#### [What you should do]
Under this line are the records; repeat exactly the lines starting at the one containing "145 x 145 cm" and ending at the one containing "20 Best Professional", omitting pictures.

##### Data for review

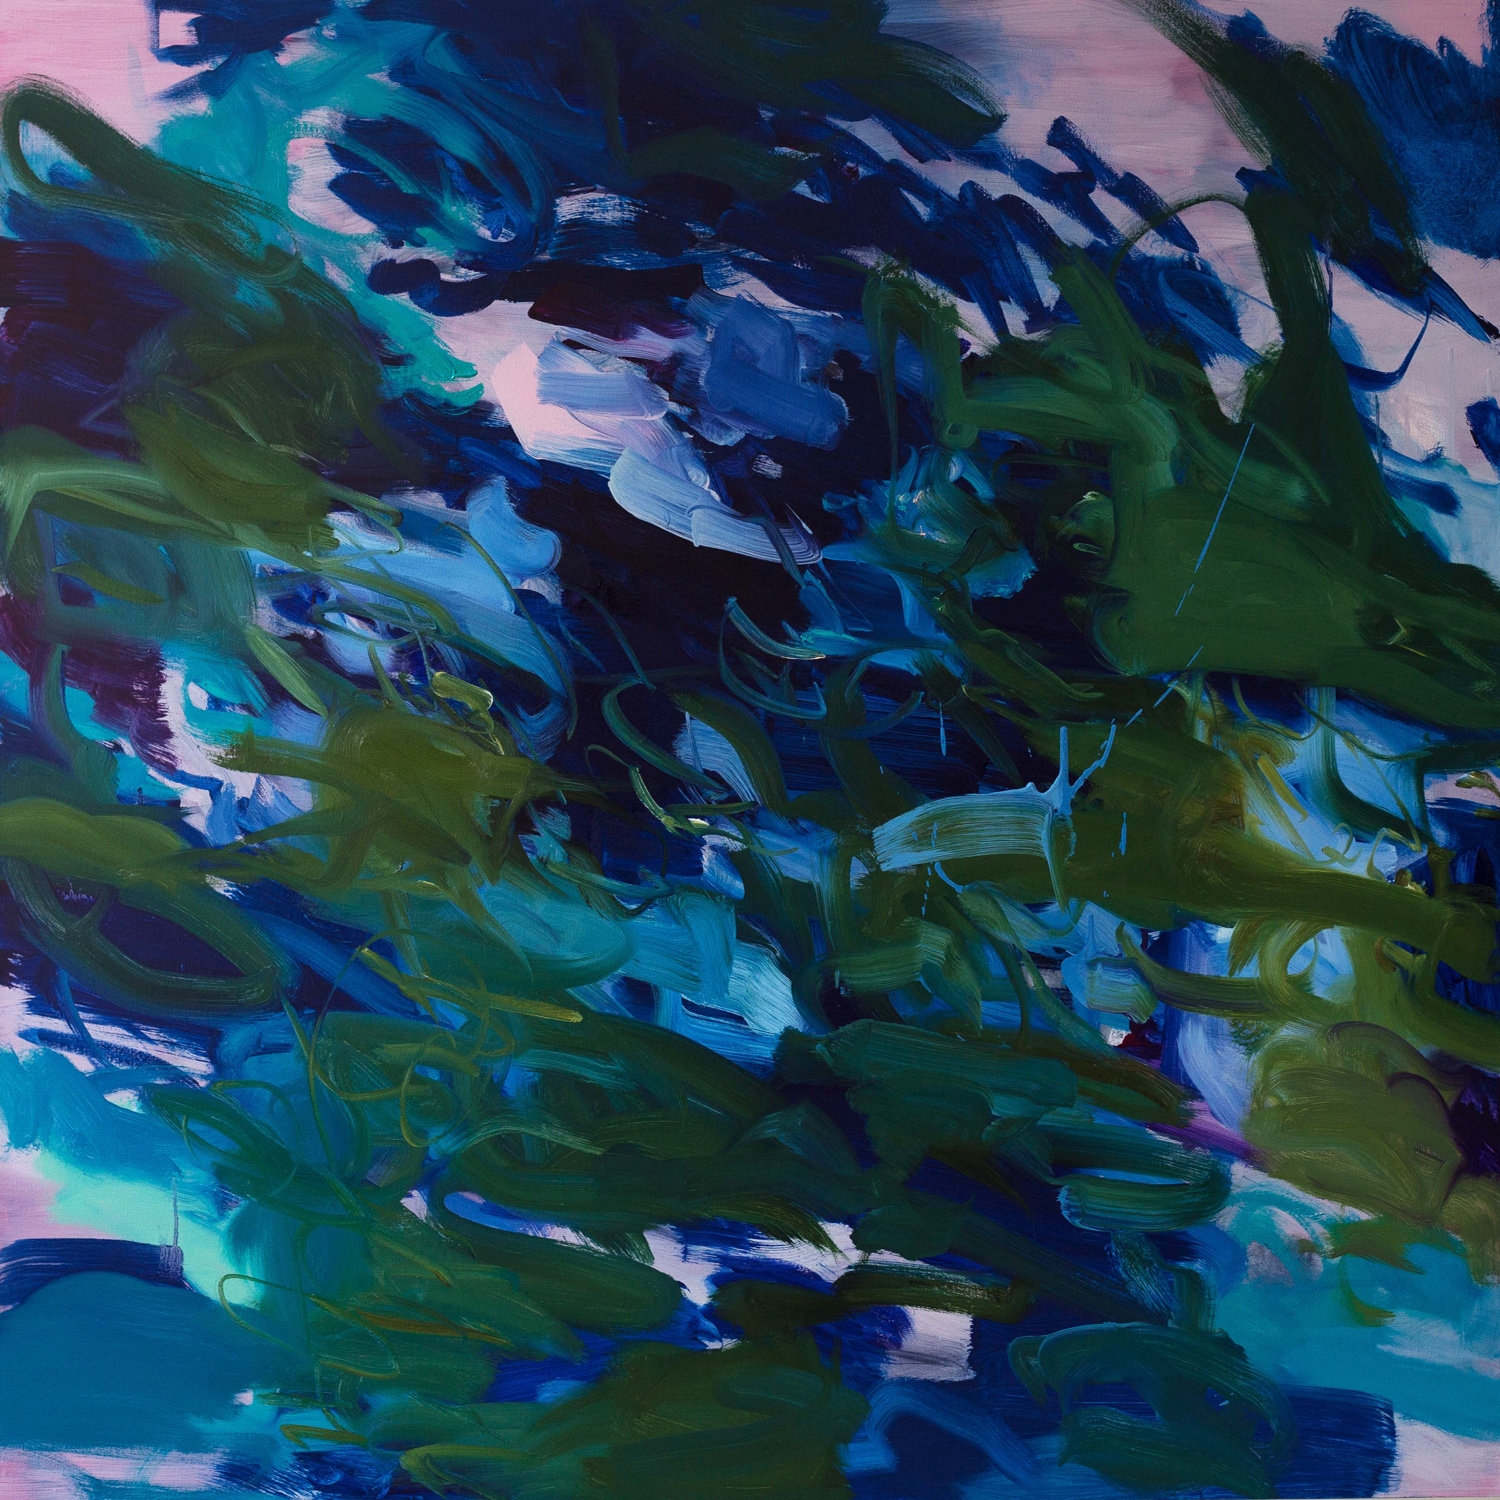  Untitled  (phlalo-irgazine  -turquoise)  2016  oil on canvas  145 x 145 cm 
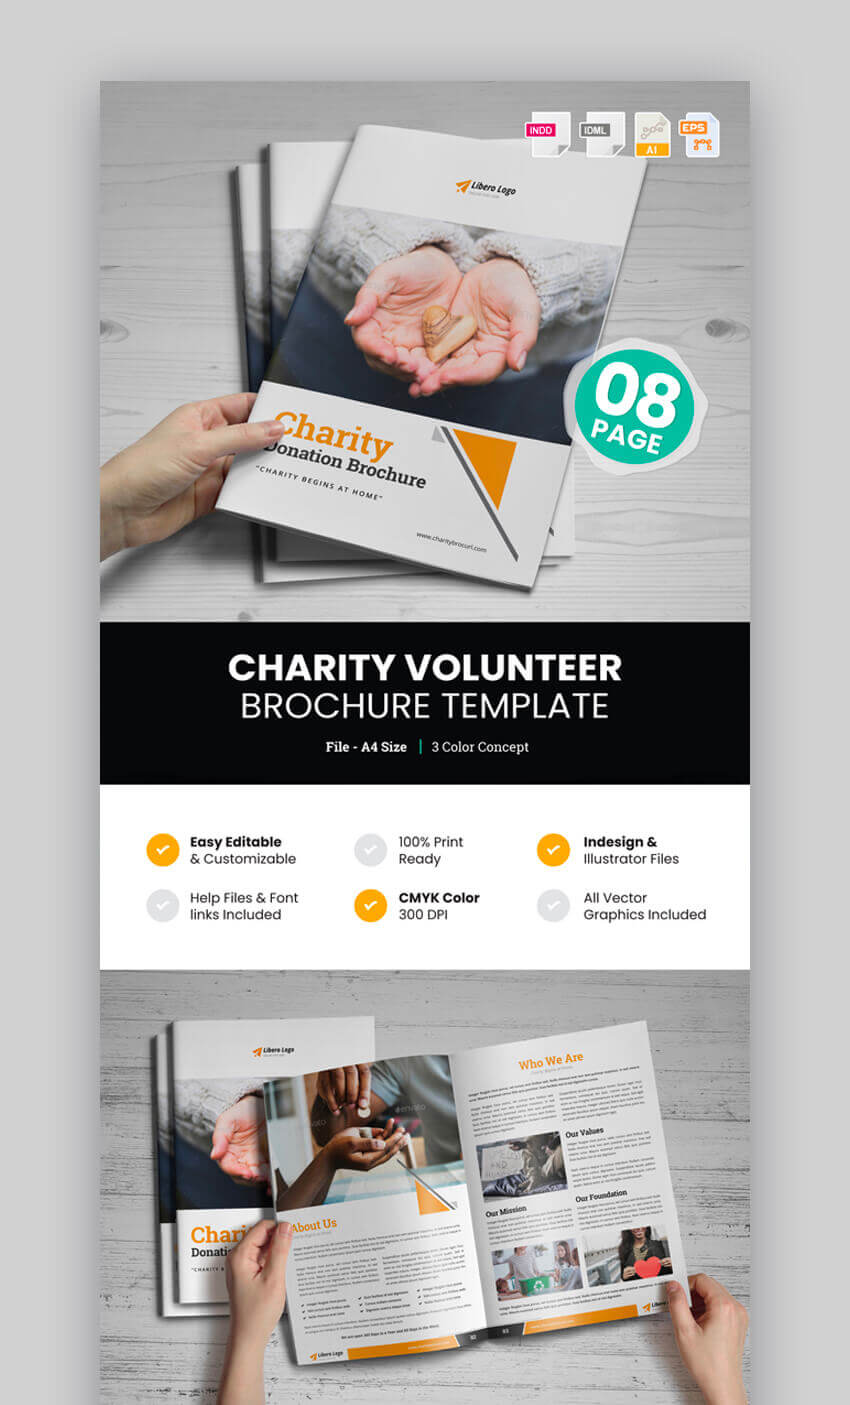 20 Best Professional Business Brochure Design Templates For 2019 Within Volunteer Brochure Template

##########
##### Data for review

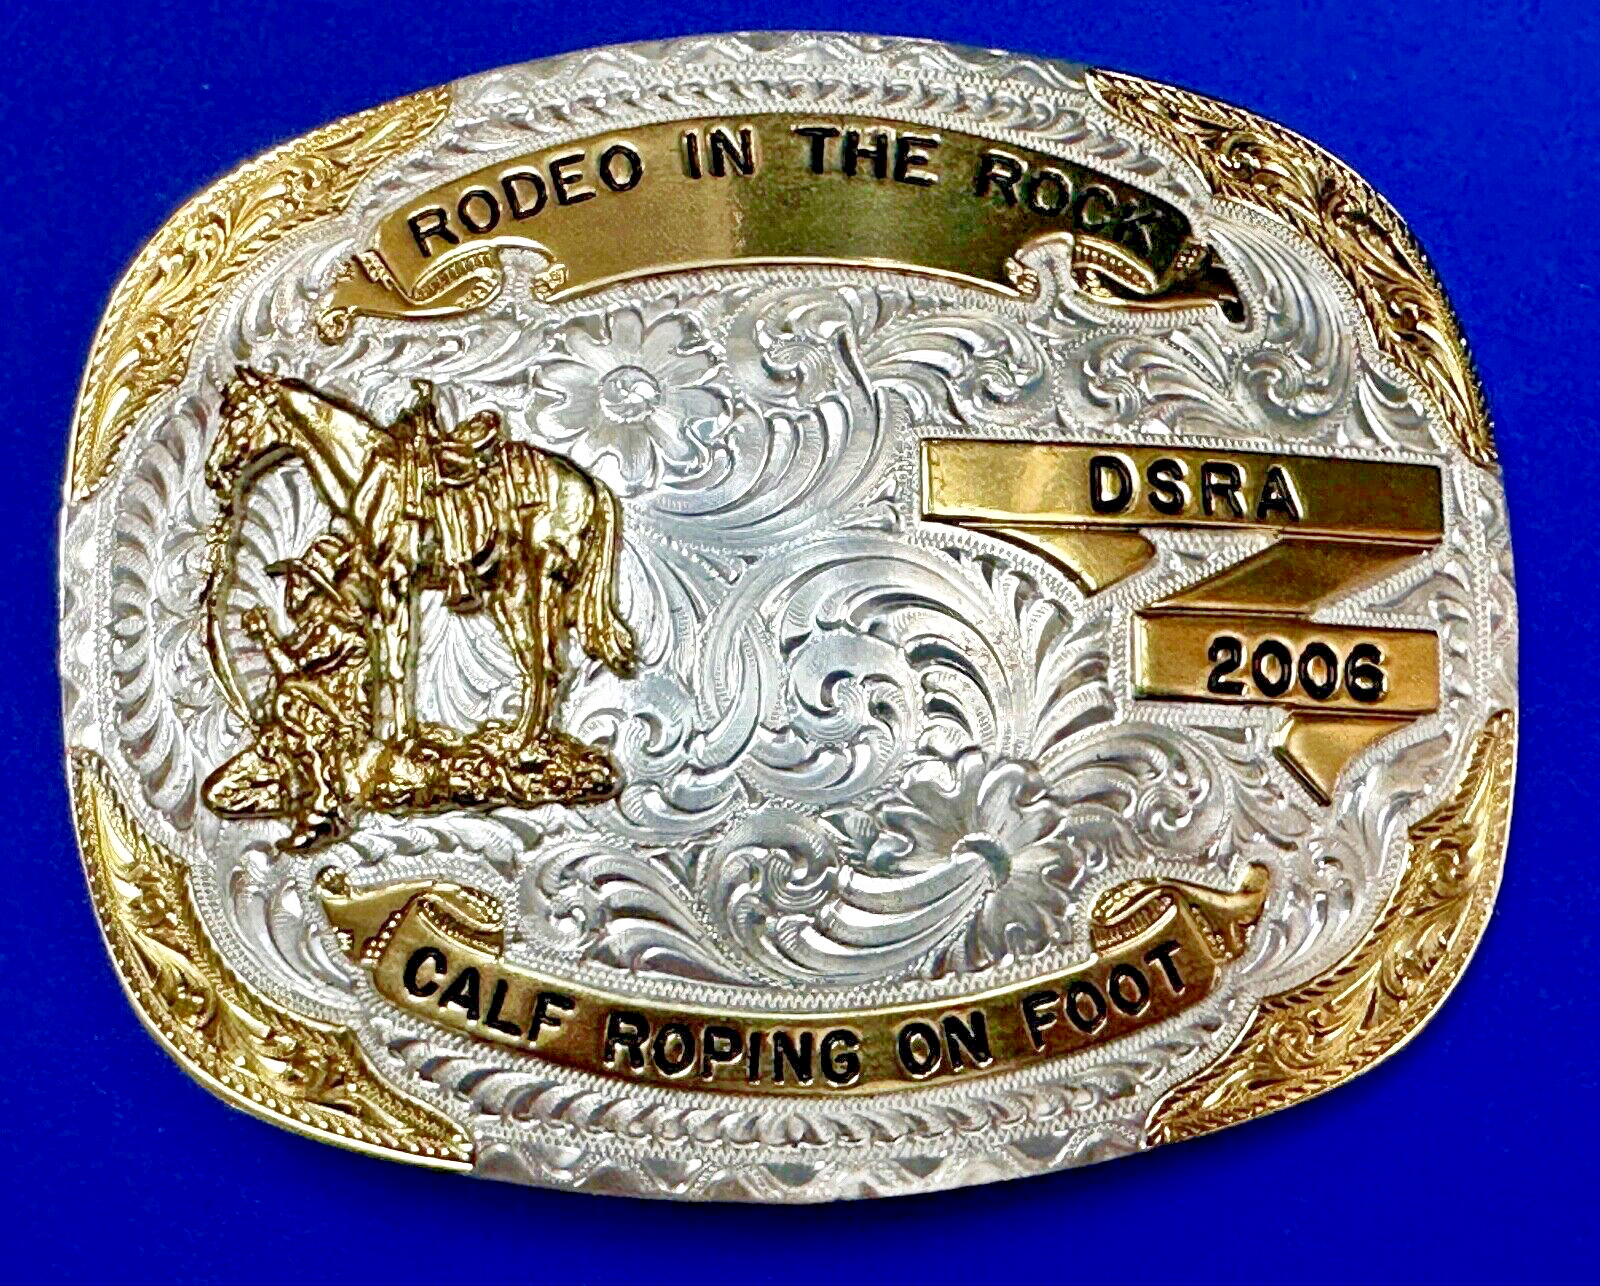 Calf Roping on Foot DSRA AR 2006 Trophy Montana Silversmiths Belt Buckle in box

##########

#### [Answer to this problem]
  Untitled  (phlalo-irgazine  -turquoise)  2016  oil on canvas  145 x 145 cm 
 20 Best Professional Business Brochure Design Templates For 2019 Within Volunteer Brochure Template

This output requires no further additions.